On Thu, May 8, 2025 at 7:11 AM Sean Christopherson <seanjc@xxxxxxxxxx> wrote:
>
> When resetting a dirty ring, conditionally reschedule on each iteration
> after the first.  The recently introduced hard limit mitigates the issue
> of an endless reset, but isn't sufficient to completely prevent RCU
> stalls, soft lockups, etc., nor is the hard limit intended to guard
> against such badness.
>
> Note!  Take care to check for reschedule even in the "continue" paths,
> as a pathological scenario (or malicious userspace) could dirty the same
> gfn over and over, i.e. always hit the continue path.
>
>   rcu: INFO: rcu_sched self-detected stall on CPU
>   rcu:  4-....: (5249 ticks this GP) idle=51e4/1/0x4000000000000000 softirq=309/309 fqs=2563
>   rcu:  (t=5250 jiffies g=-319 q=608 ncpus=24)

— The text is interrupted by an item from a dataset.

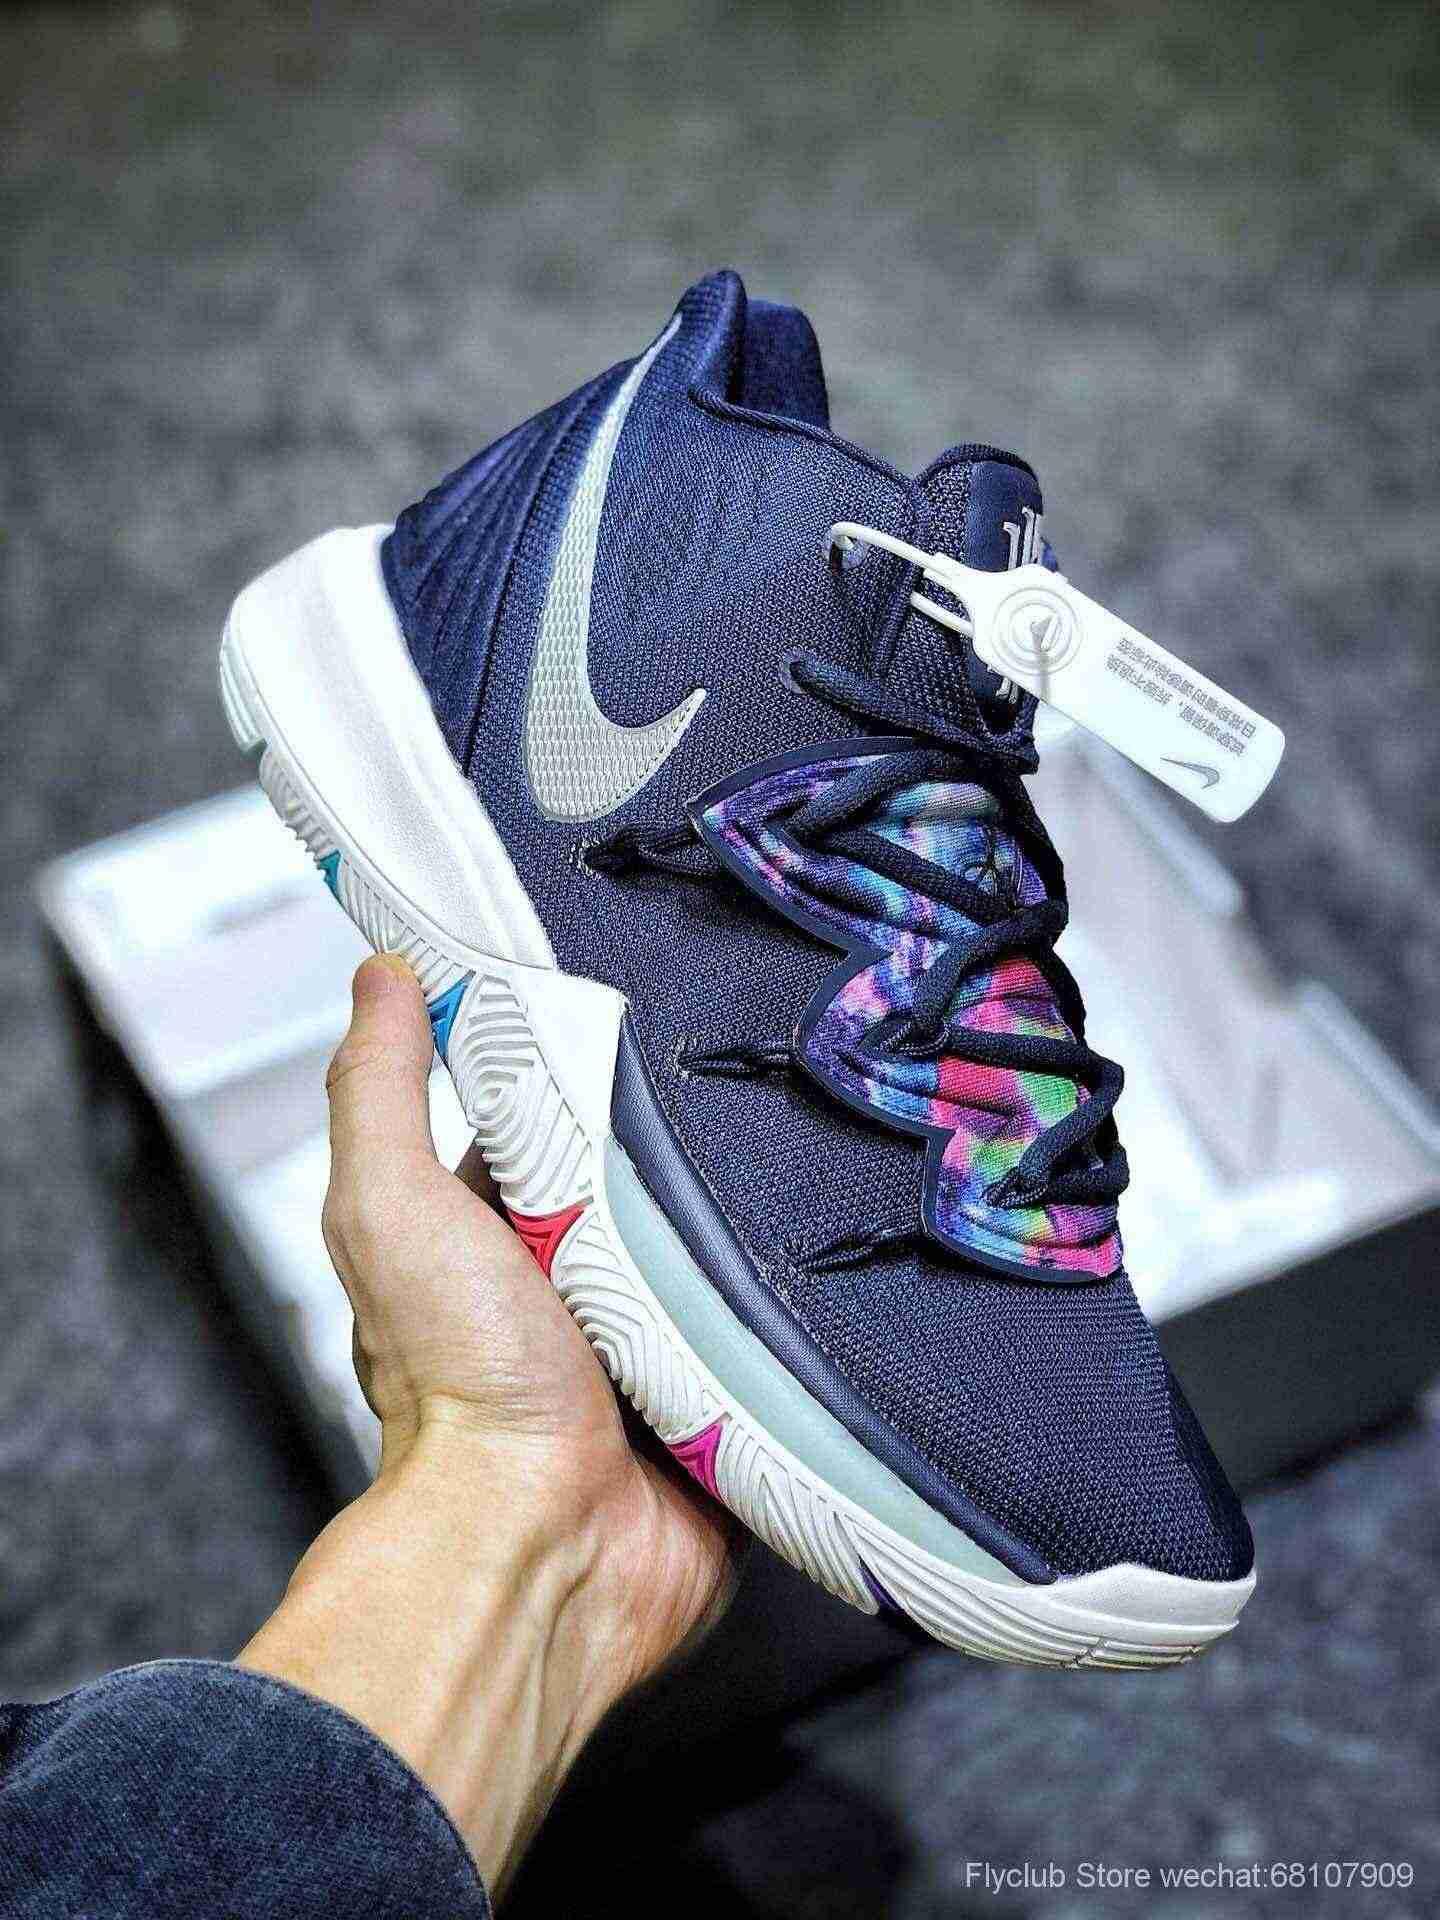 cheap prices cheap prices on wholesale 纯原Nike Kyrie 5 欧文5灵魂之眼‼️第一批大几率过验,正确原盒 ...

>   CPU: 4 UID: 1000 PID: 1067 Comm: dirty_log_test Tainted: G             L     6.13.0-rc3-17fa7a24ea1e-HEAD-vm #814
>   Tainted: [L]=SOFTLOCKUP
>   Hardware name: QEMU Standard PC (Q35 + ICH9, 2009), BIOS 0.0.0 02/06/2015
>   RIP: 0010:kvm_arch_mmu_enable_log_dirty_pt_masked+0x26/0x200 [kvm]
>   Call Trace:
>    <TASK>
>    kvm_reset_dirty_gfn.part.0+0xb4/0xe0 [kvm]
>    kvm_dirty_ring_reset+0x58/0x220 [kvm]
>    kvm_vm_ioctl+0x10eb/0x15d0 [kvm]
>    __x64_sys_ioctl+0x8b/0xb0
>    do_syscall_64+0x5b/0x160
>    entry_SYSCALL_64_after_hwframe+0x4b/0x53
>    </TASK>
>   Tainted: [L]=SOFTLOCKUP
>   Hardware name: QEMU Standard PC (Q35 + ICH9, 2009), BIOS 0.0.0 02/06/2015
>   RIP: 0010:kvm_arch_mmu_enable_log_dirty_pt_masked+0x17/0x200 [kvm]
>   Call Trace:
>    <TASK>
>    kvm_reset_dirty_gfn.part.0+0xb4/0xe0 [kvm]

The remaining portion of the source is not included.